§ **EXERCISE OBJECTIVE**
The copy should begin at the line containing "1972 USSR Olympic" and end with the last line below, every line exact and no picture included.

§ **DATA EXTRACT**
· · · · ·

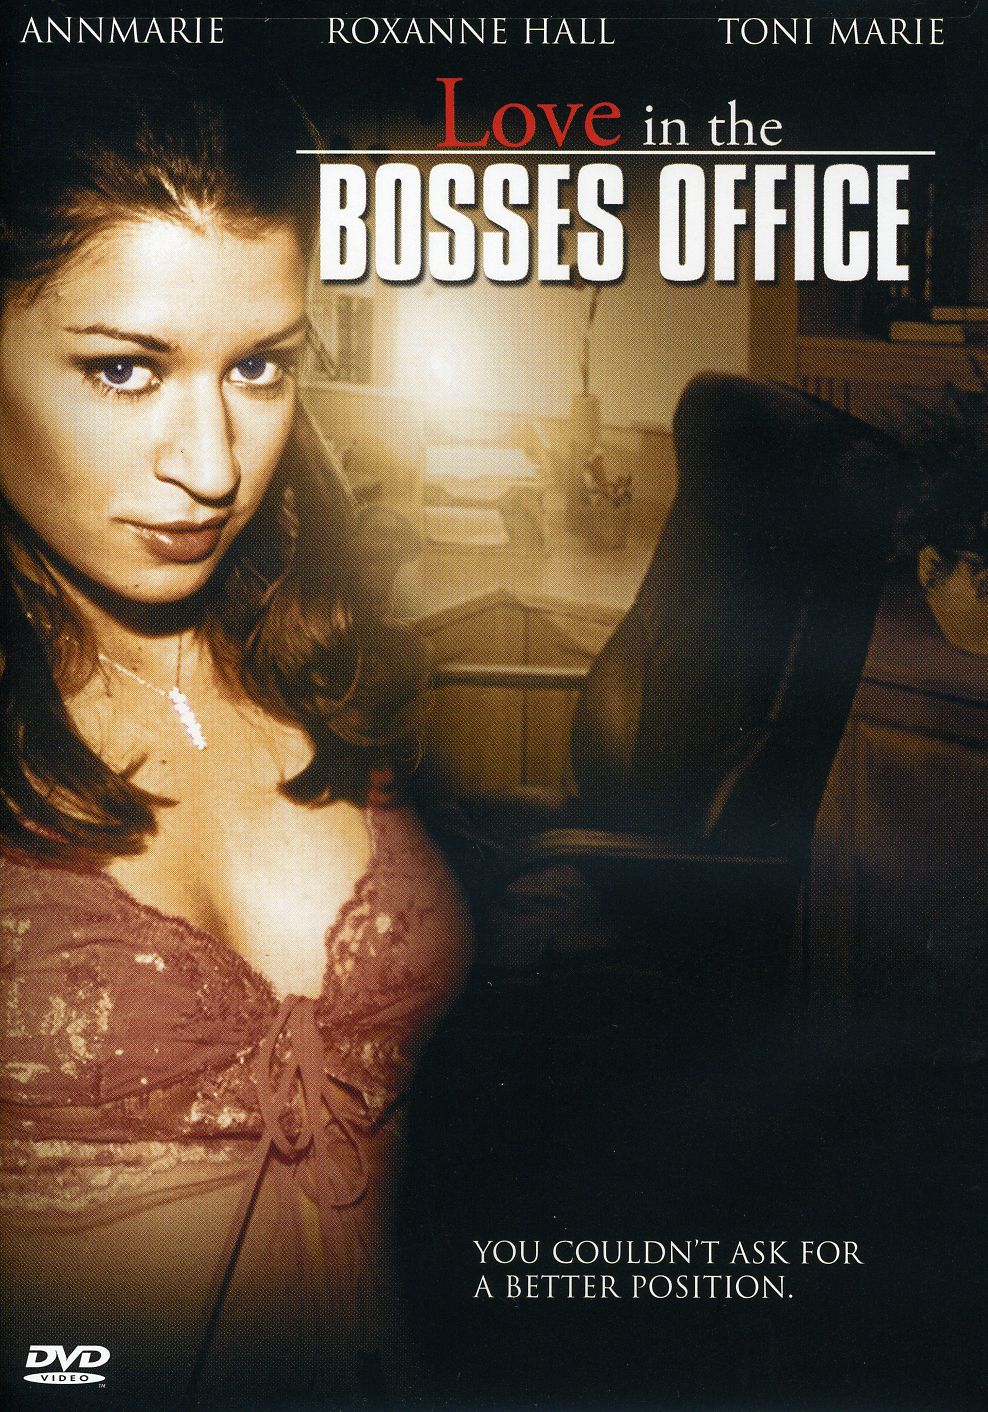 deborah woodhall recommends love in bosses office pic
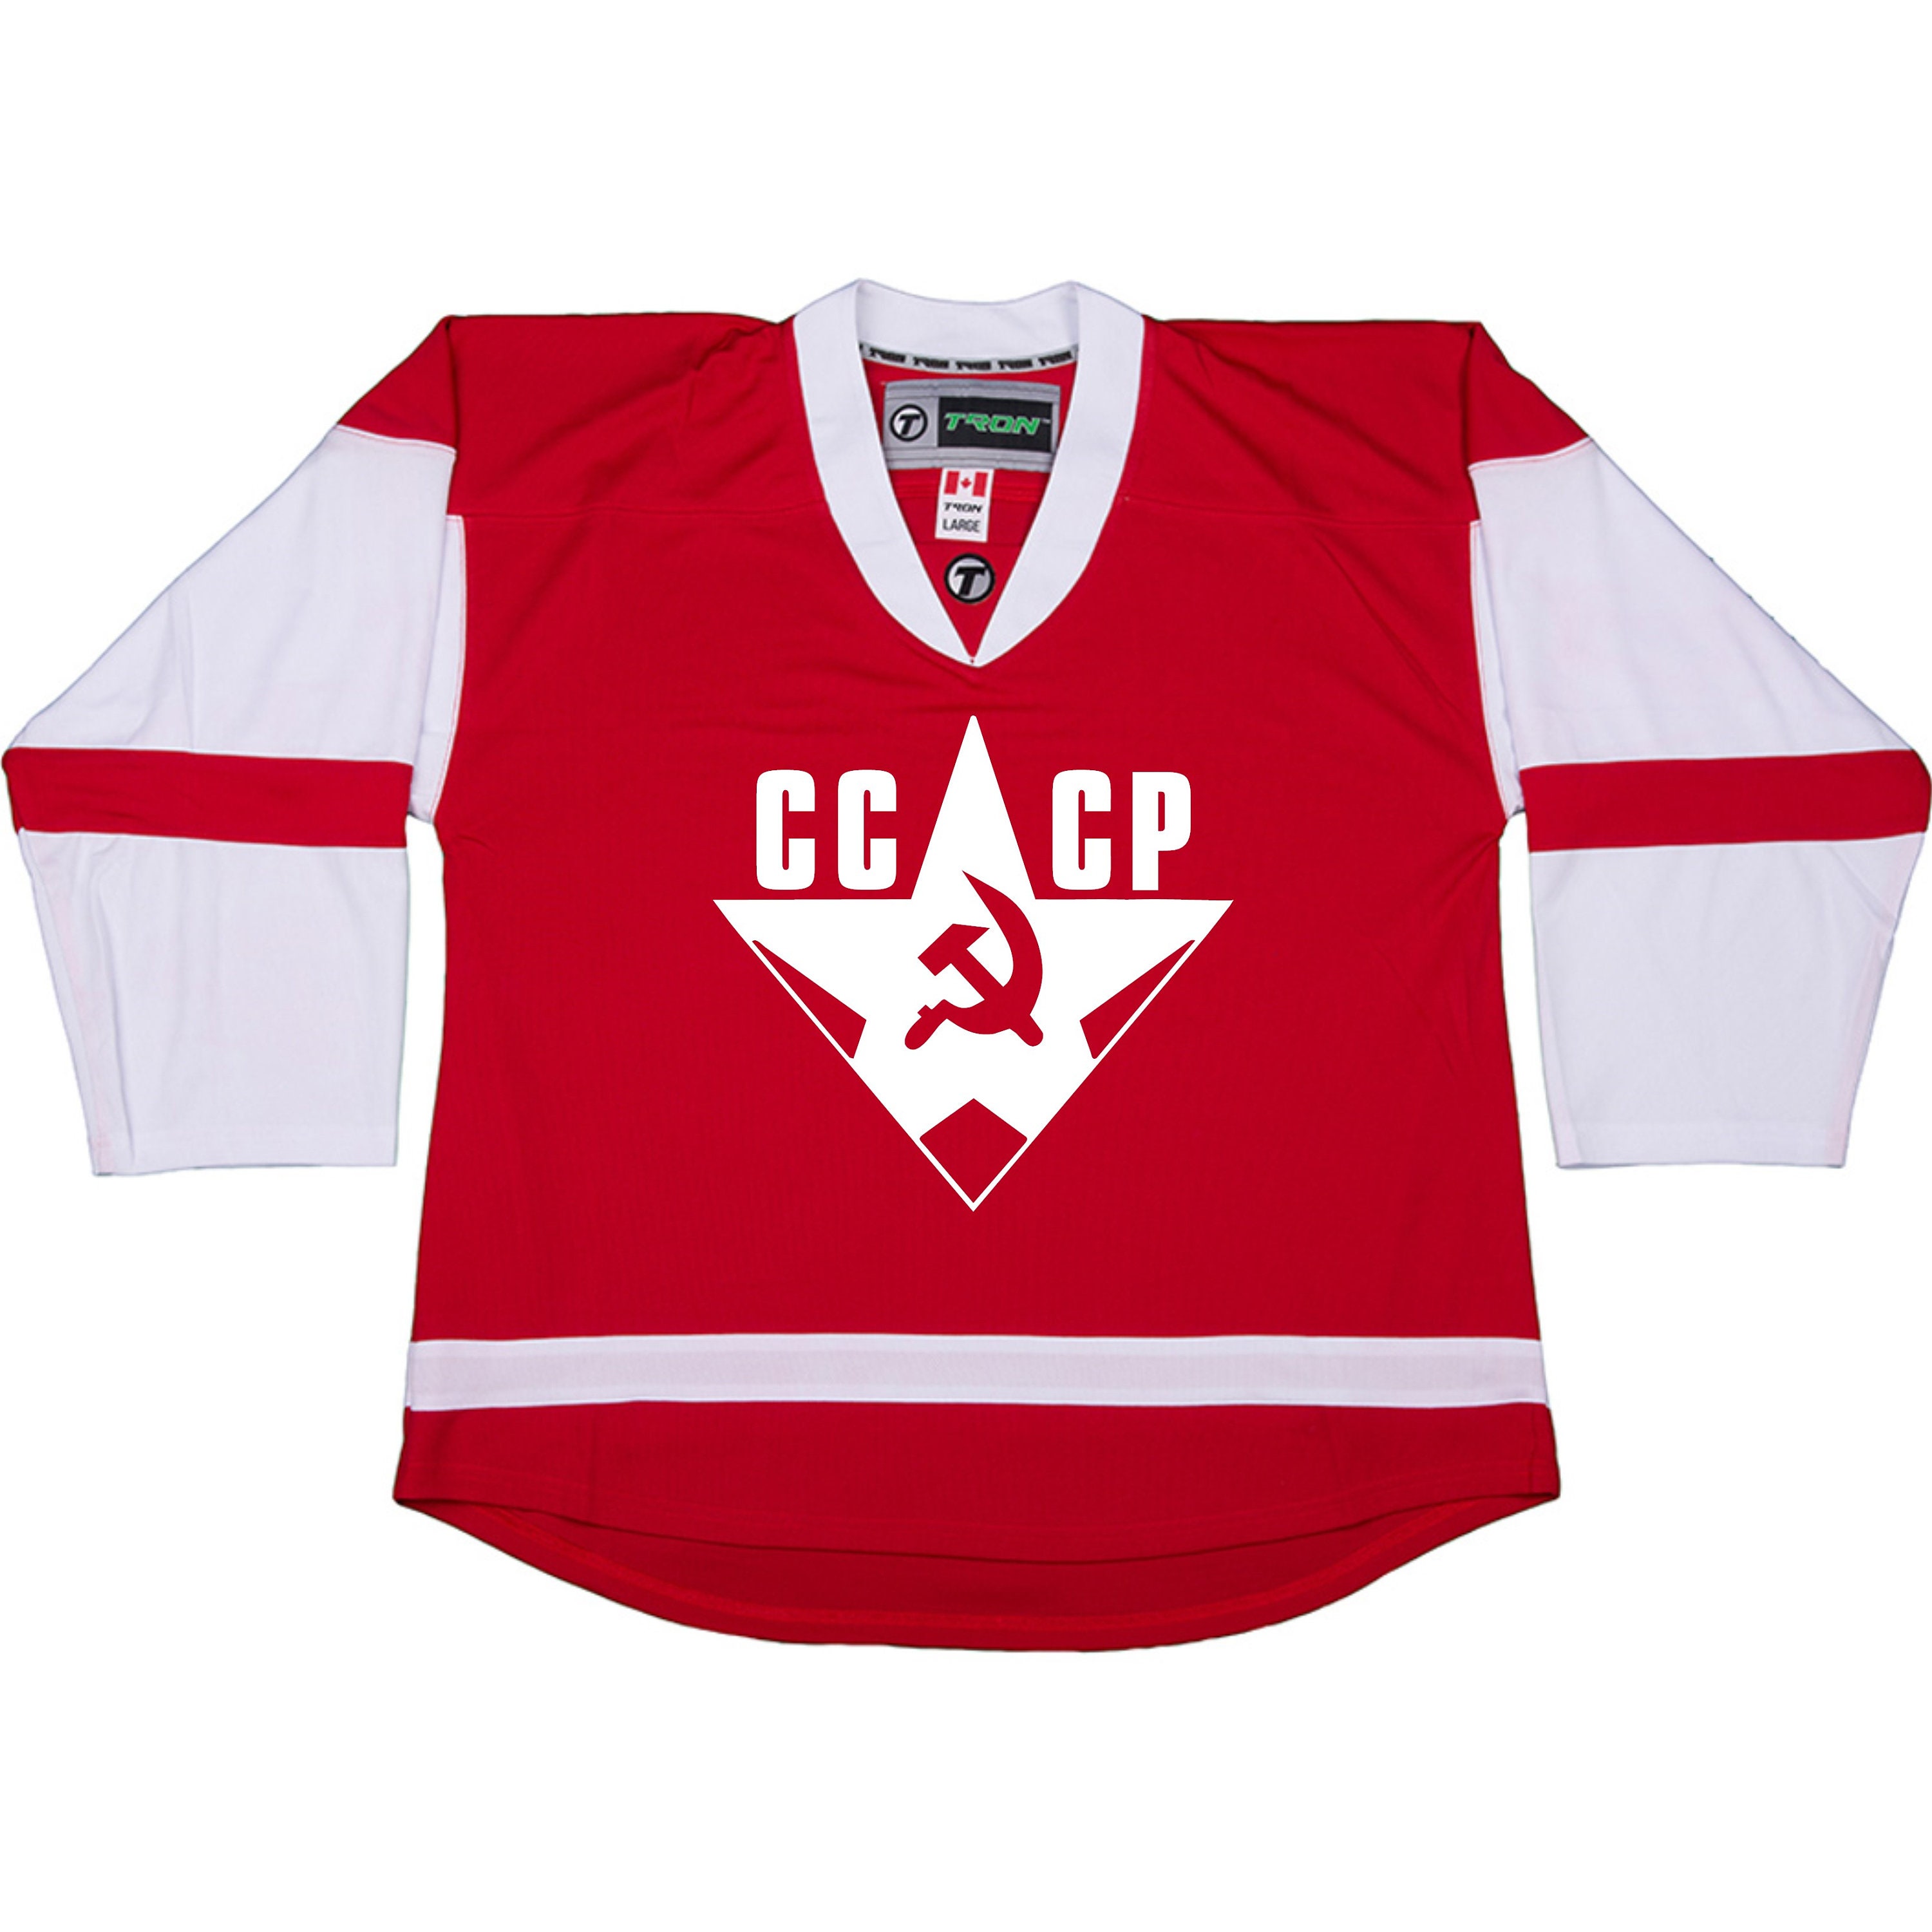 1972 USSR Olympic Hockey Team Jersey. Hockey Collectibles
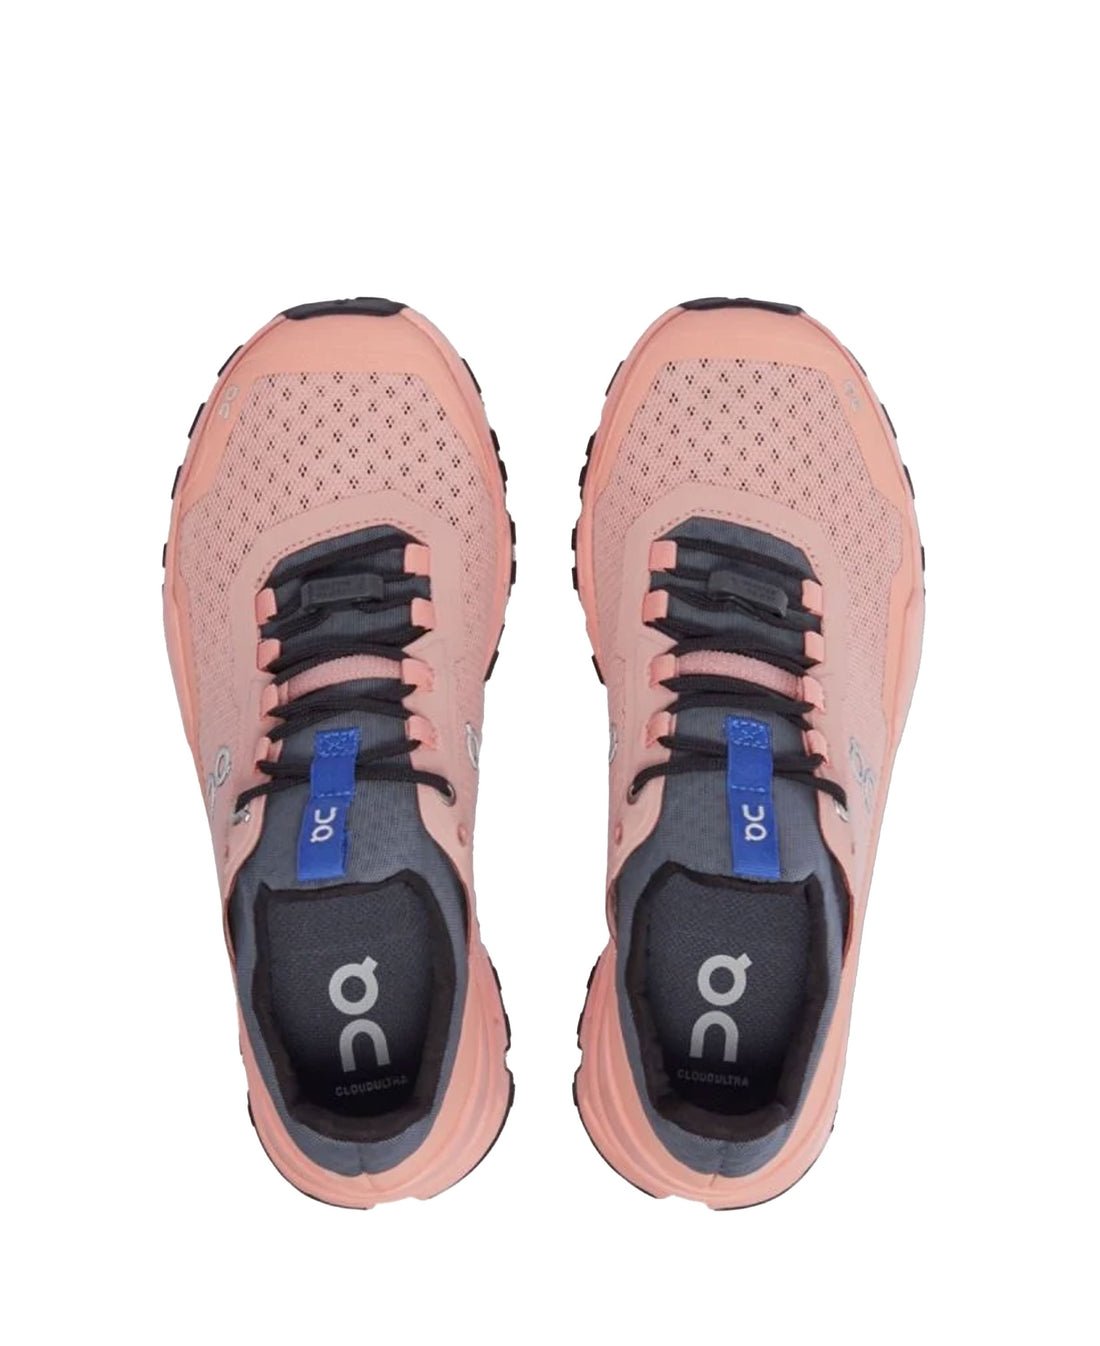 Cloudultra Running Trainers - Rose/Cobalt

· · · · ·

§ **ANSWER SPACE**
 1972 USSR Olympic Hockey Team Jersey. Hockey Collectibles
 Cloudultra Running Trainers - Rose/Cobalt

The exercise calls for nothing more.